W przyszłości wolontariusze nie będą musieli ocierać się o koszulkę. Badaczka EMPA, Agnieszka Dąbrowska, opracowała model skóry, który może symulować dokładnie charakterystykę ludzkiej i może odwzorowywać swoje tarciowe zachowanie wobec tekstyliów w warunkach suchych i uwodnionych. W przyszłości będzie możliwe wykorzystanie modelu do wspomagania rozwoju tkanin, a także innych materiałów, które mogą wejść w bezpośredni kontakt z ludzką skórą. W tych warunkach model zmienia swoją charakterystykę w dokładnie taki sam sposób, jak prawdziwa ludzka skóra i może w ten sposób uzyskać wstępny wgląd bez narażania ludzi na ryzyko zranienia lub uszkodzenia.

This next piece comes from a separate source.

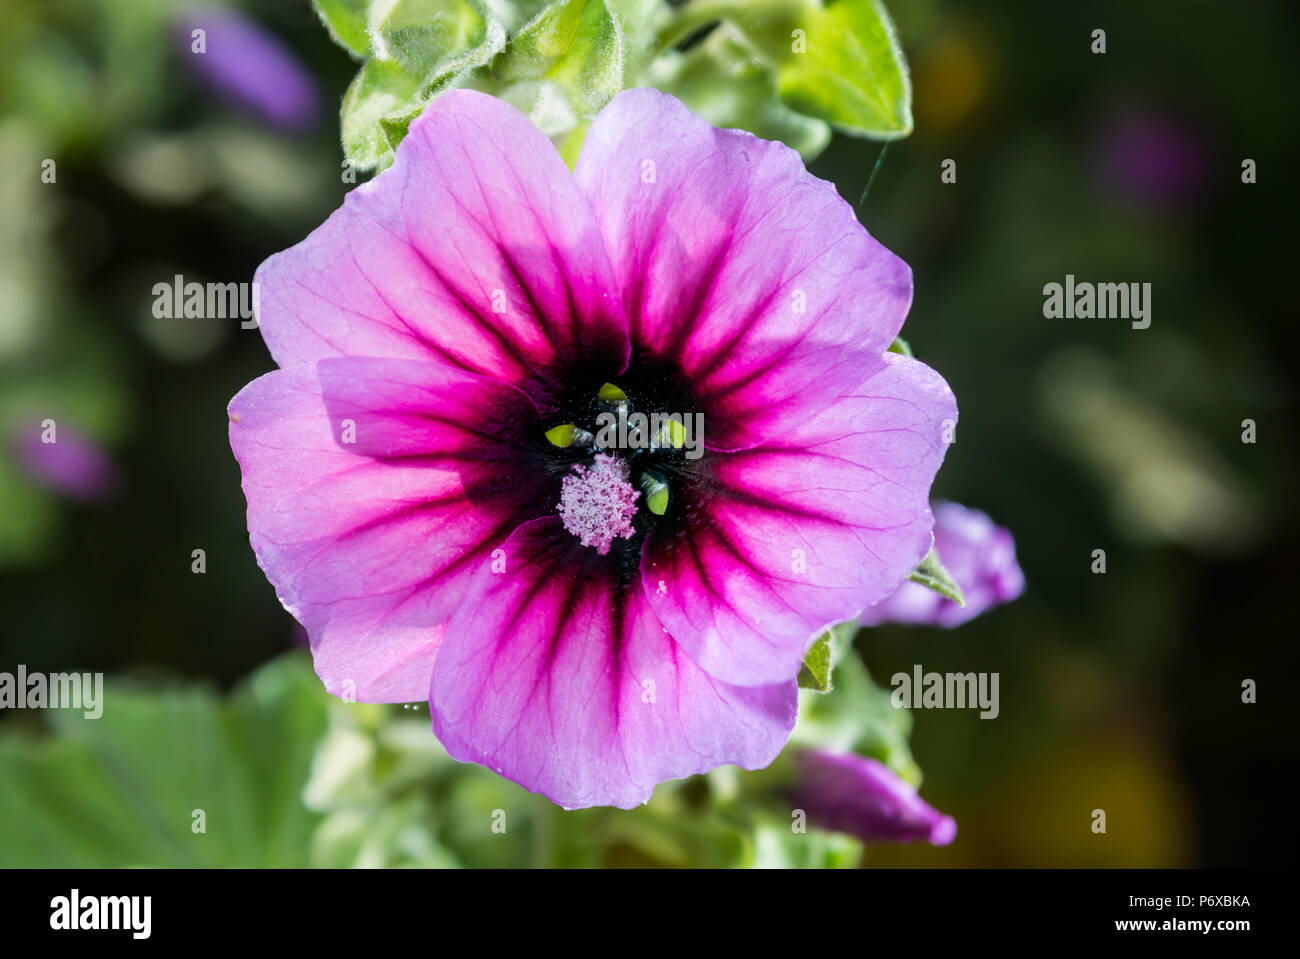 Tree mallow Malva arborea, a close up of the flower of this coastal plant, St Mary's, Isles of Scilly, June Stock Photo

Powierzchnia modelu skóry również zmienia się dokładnie tak samo, jak prawdziwa skóra: pęcznieje, gdy wchodzi w kontakt z wodą, przez co staje się gładsza i bardziej miękka. Oczywiście wciąż konieczne jest „wystawienie go na próbę” za pomocą prawdziwej skóry w późniejszym rozwoju tekstyliów, ale nieodpowiednie tkaniny mogą być najpierw odrzucone na wczesnym etapie w dogodny sposób, wolny od ryzyka i bez wielkich wydatków czy wysiłku.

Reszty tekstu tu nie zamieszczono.